Task directions.
Nothing but the lines from the one that holds "The binomial distribution" through the end of the material should be repeated, each exactly as it stands, and pictures stay out.

Dataset section.

Content starts

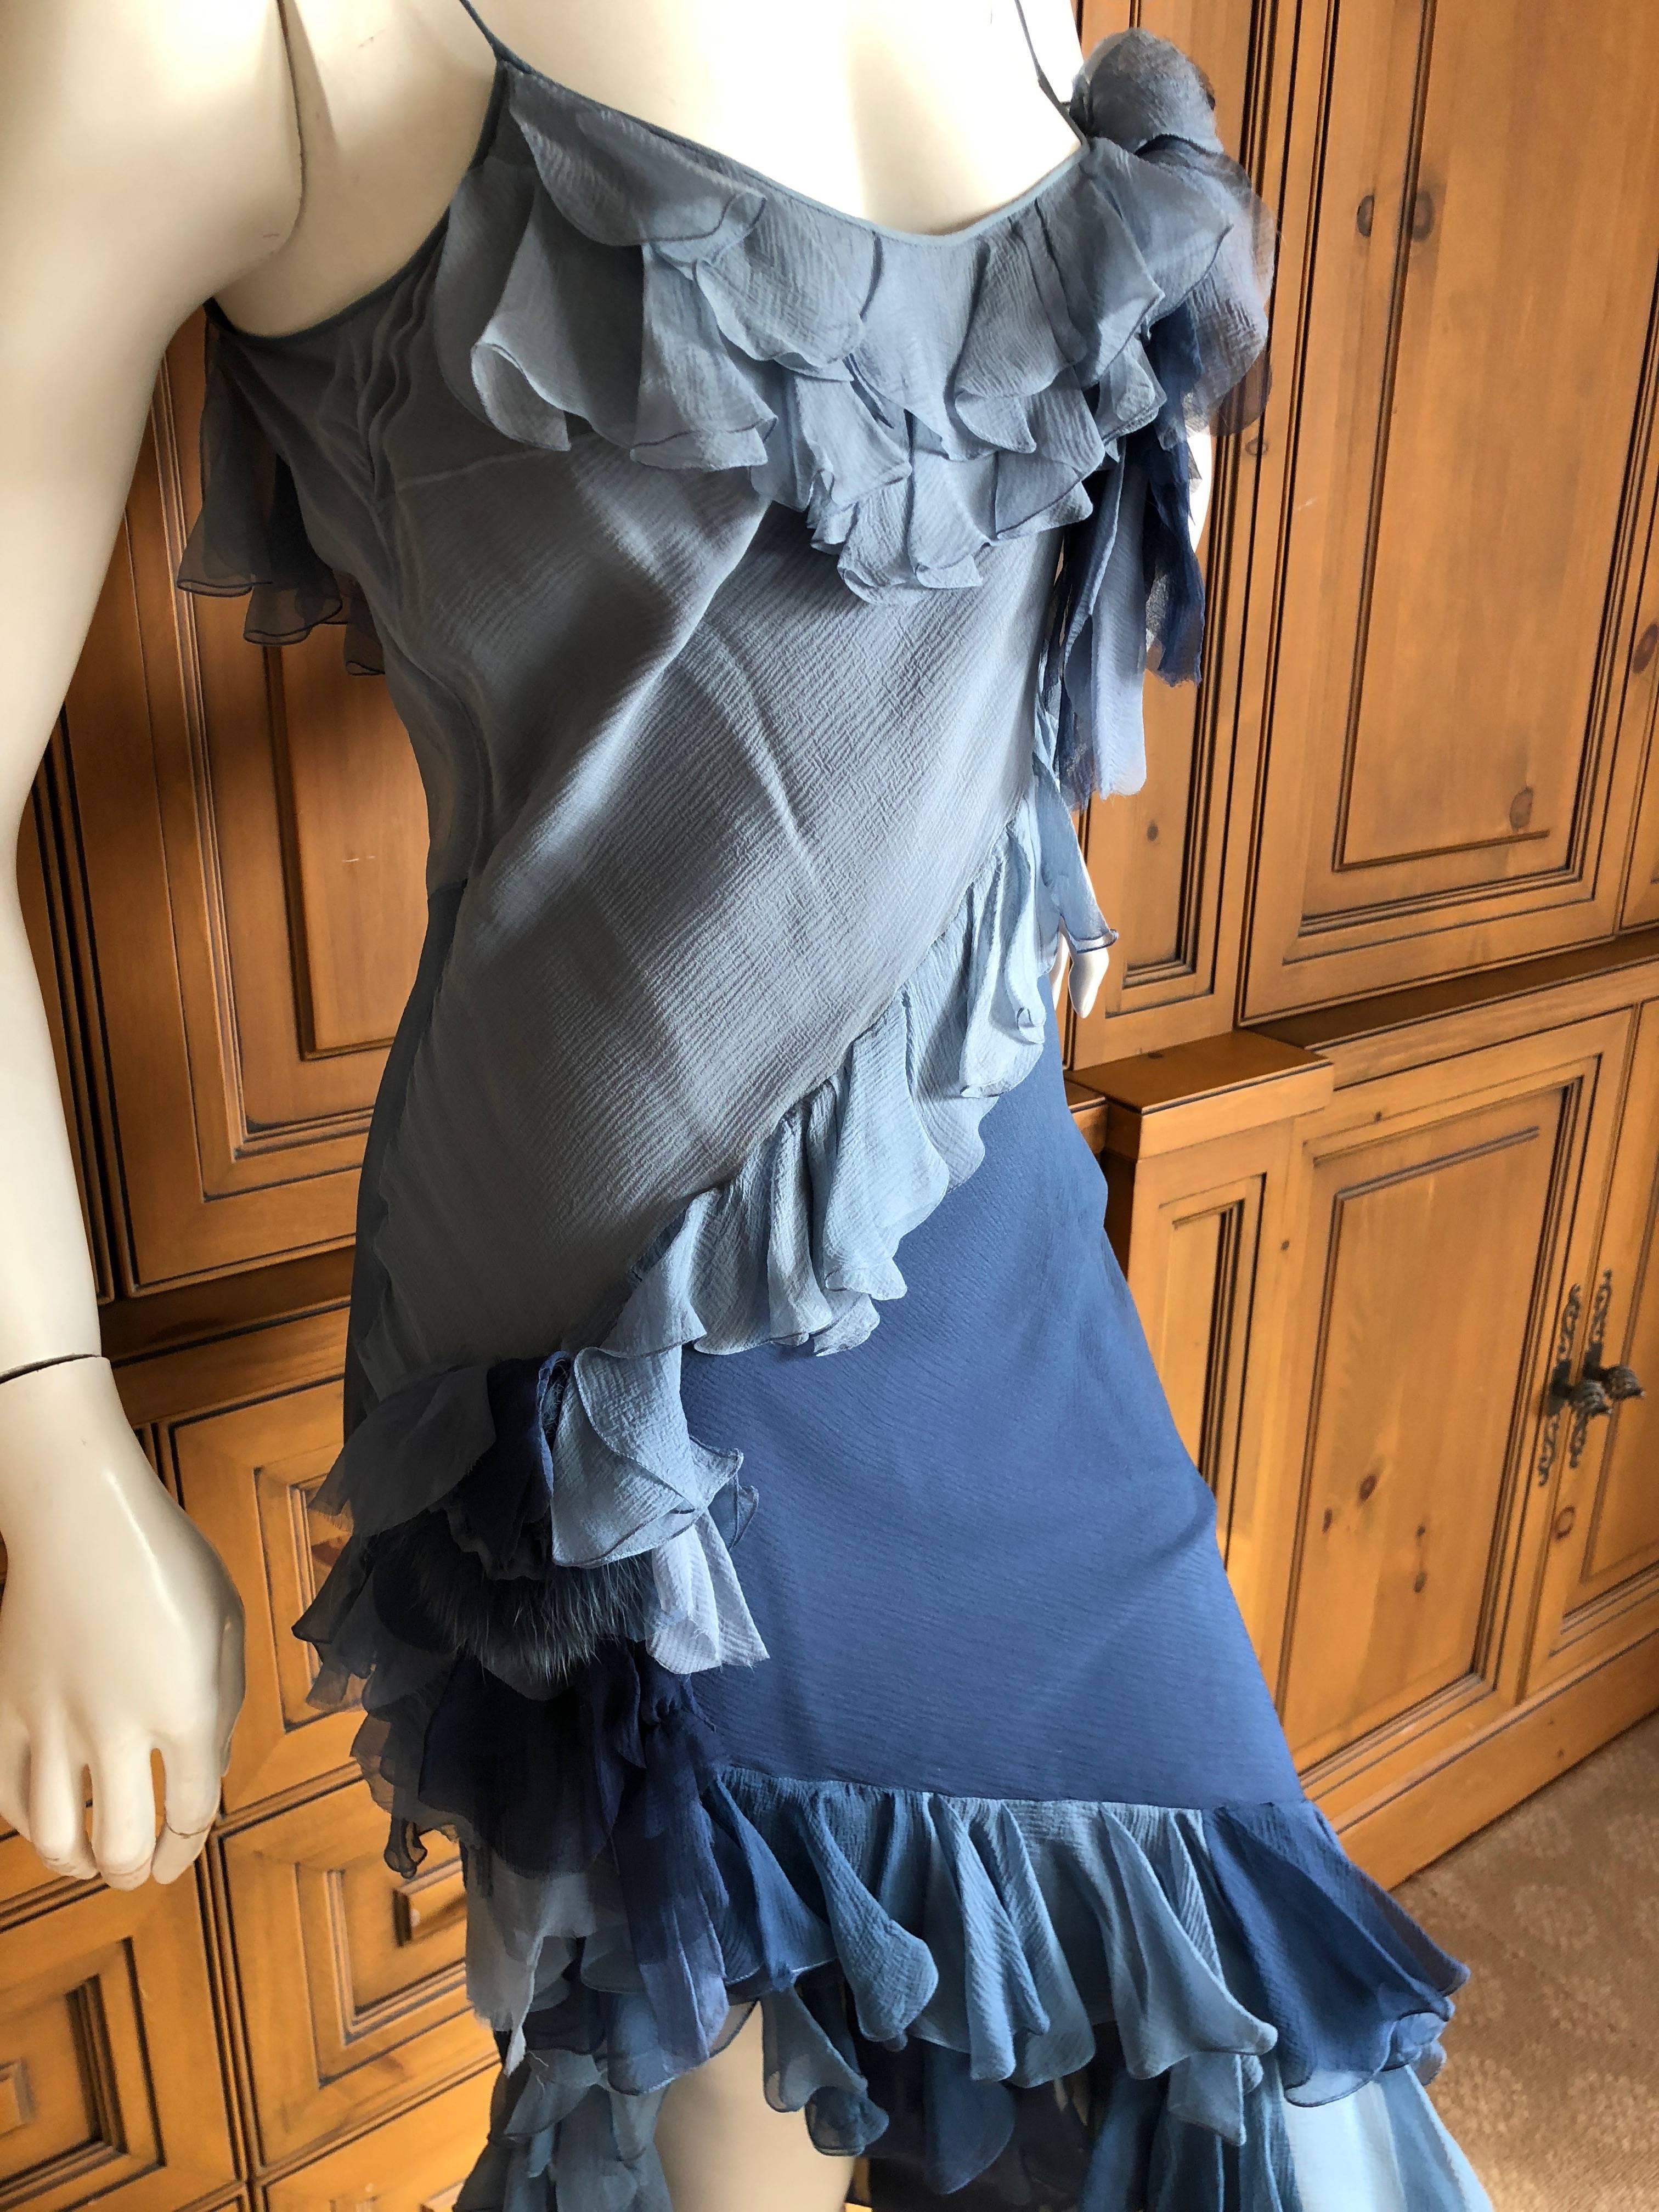 Women's John Galliano 1990's Label Silk Ruffle Ombre Dress with Fur Trim Floral Accents For Sale
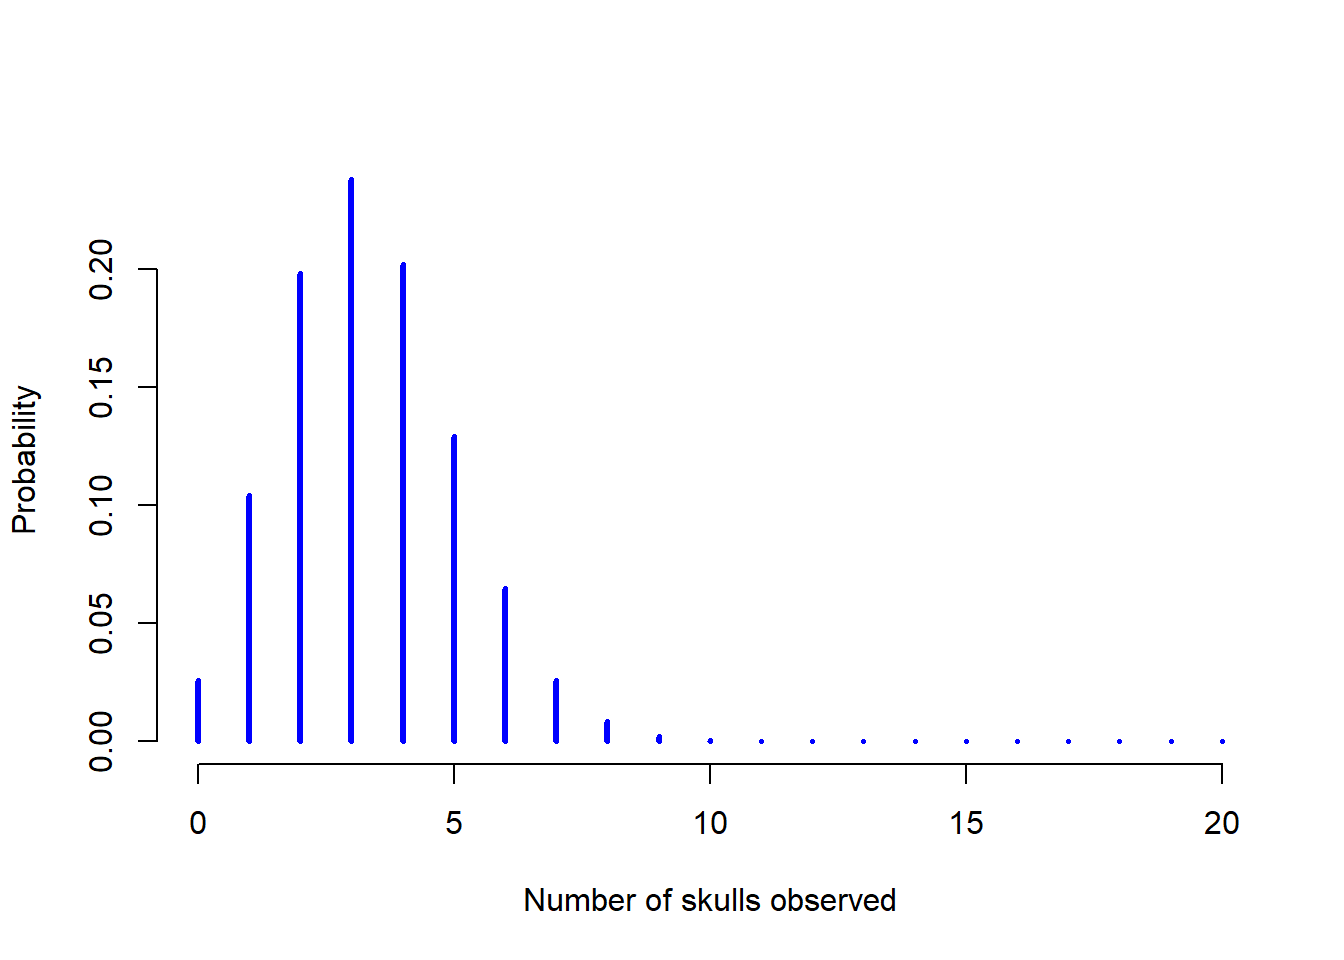 The binomial distribution with size parameter of $N=20$ and an underlying success probability of $theta = 1/6$. Each vertical bar depicts the probability of one specific outcome (i.e., one possible value of $X$). Because this is a probability distribution, each of the probabilities must be a number between 0 and 1, and the heights of the bars must sum to 1 as well.
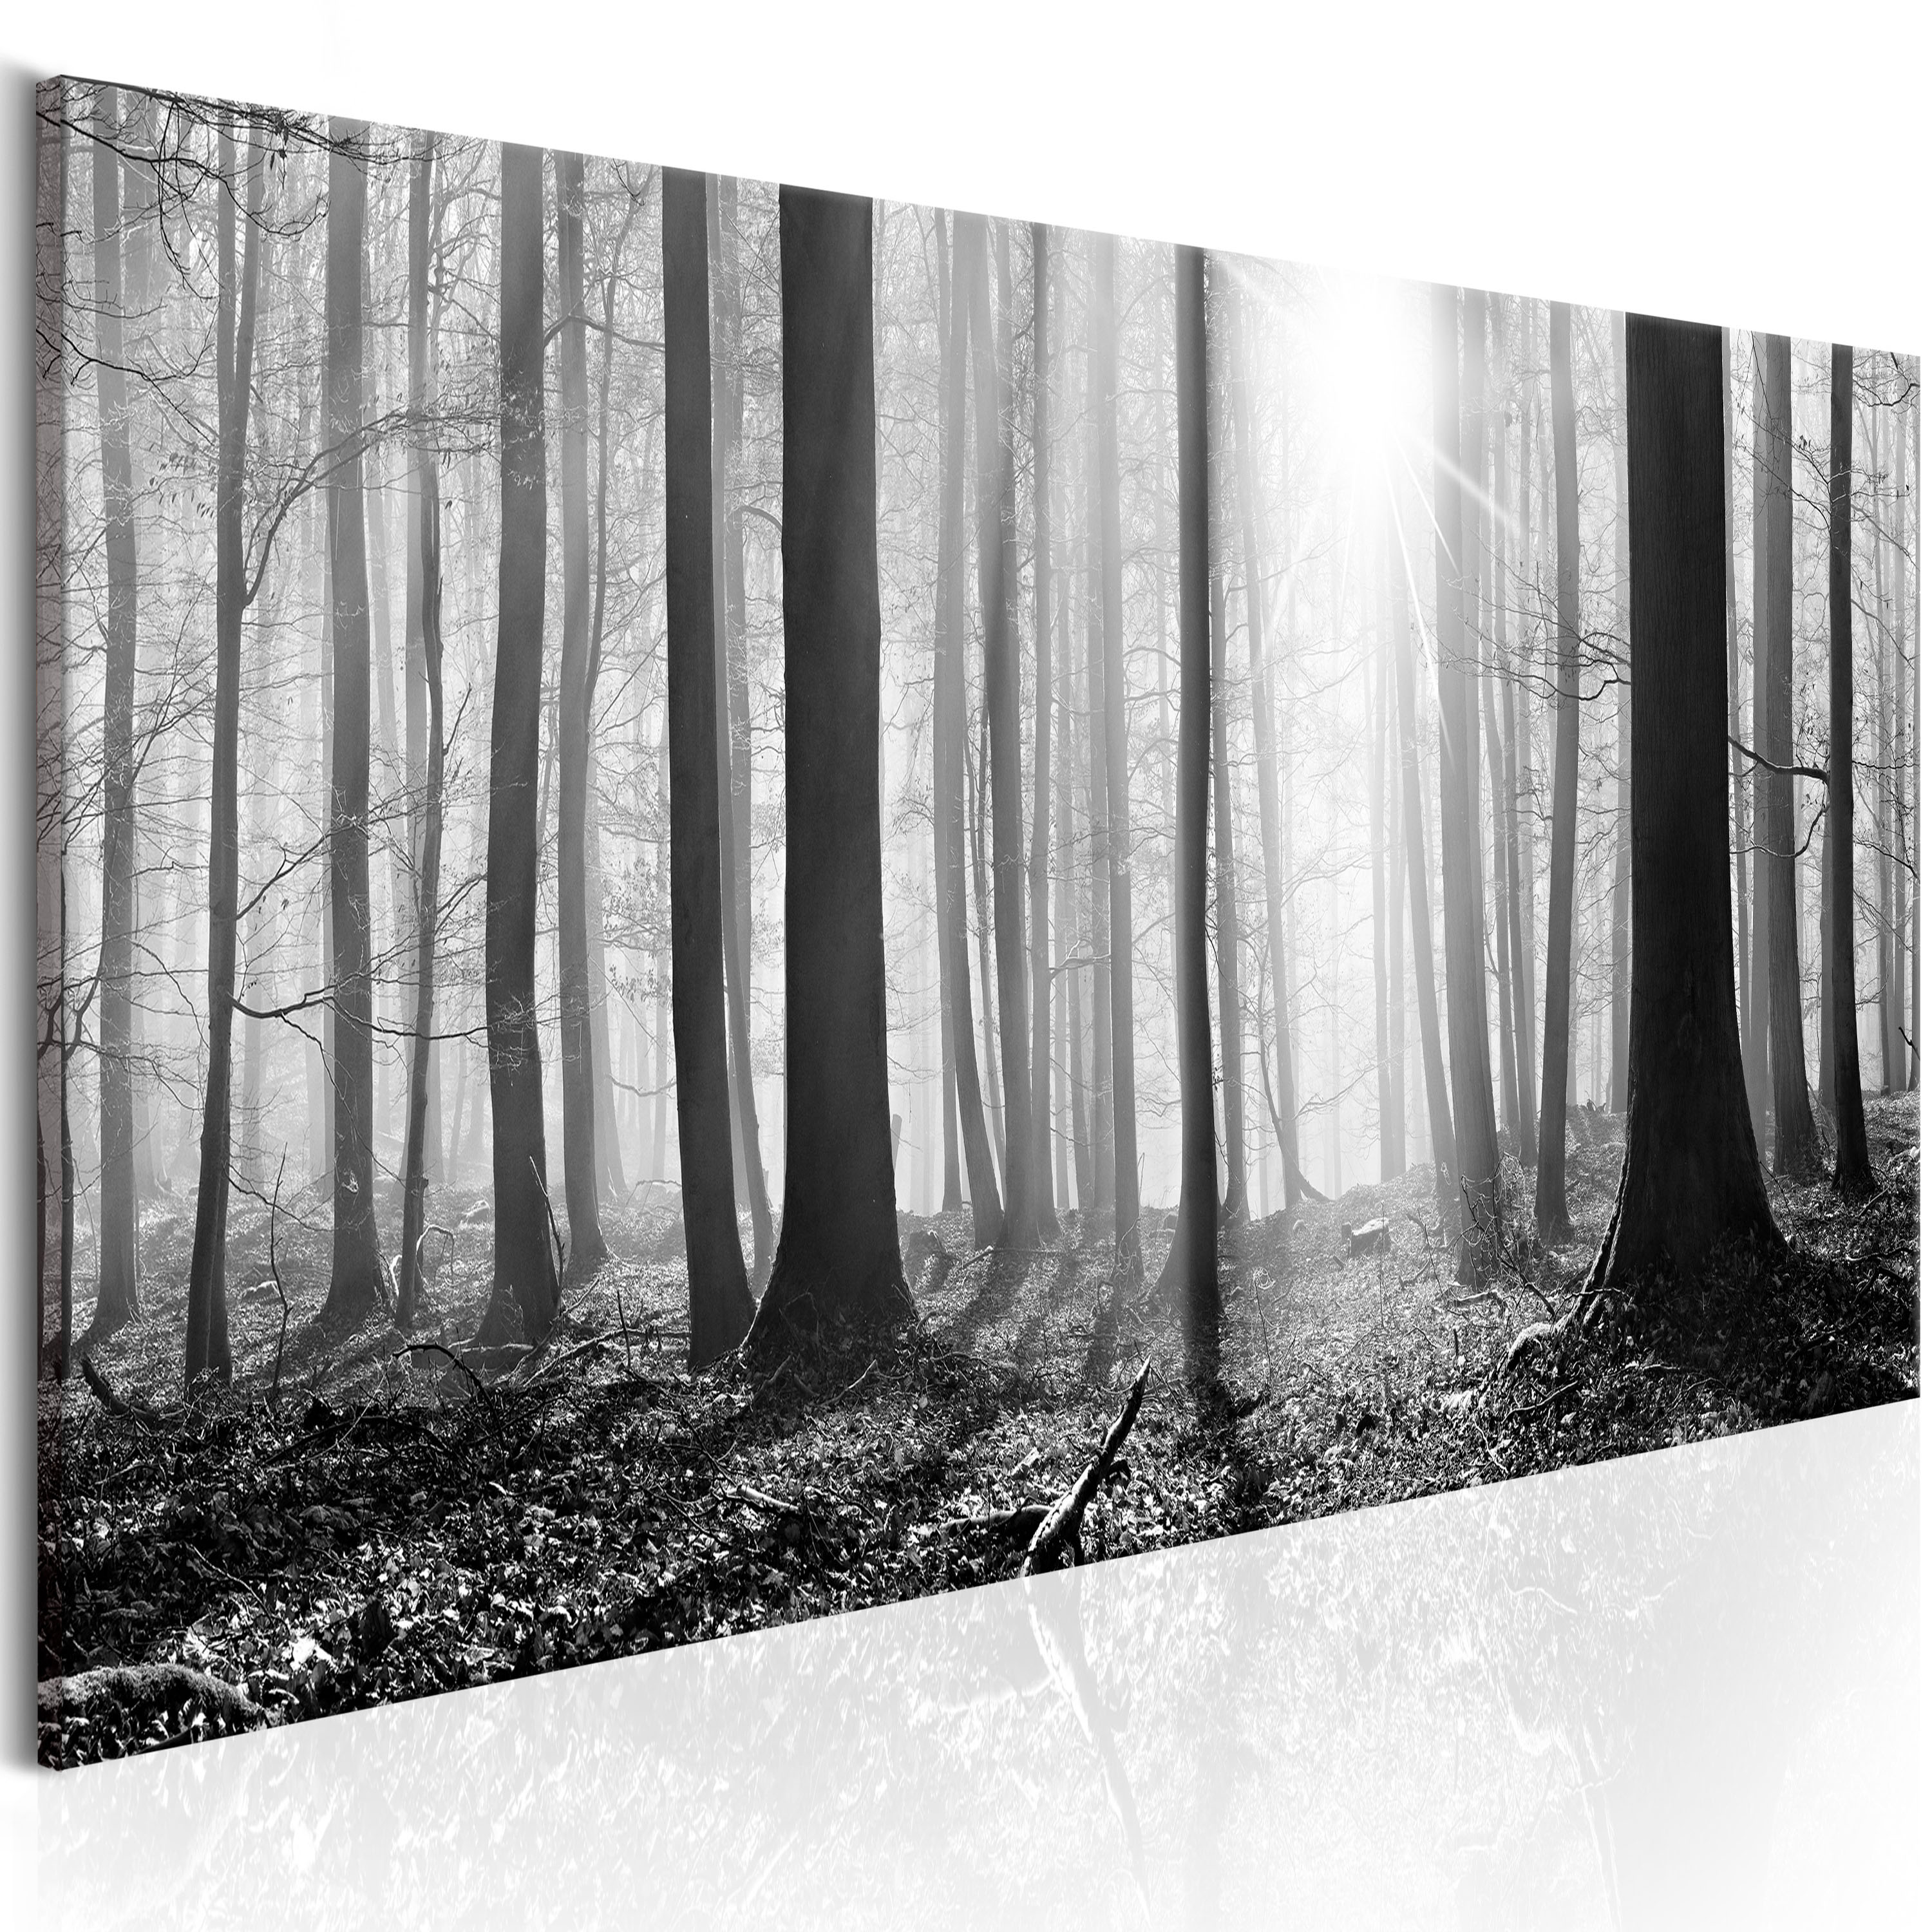 Canvas Print - Black and White Forest - 135x45

Content ends

Your response.
 The binomial distribution with size parameter of $N=20$ and an underlying success probability of $theta = 1/6$. Each vertical bar depicts the probability of one specific outcome (i.e., one possible value of $X$). Because this is a probability distribution, each of the probabilities must be a number between 0 and 1, and the heights of the bars must sum to 1 as well.
 Canvas Print - Black and White Forest - 135x45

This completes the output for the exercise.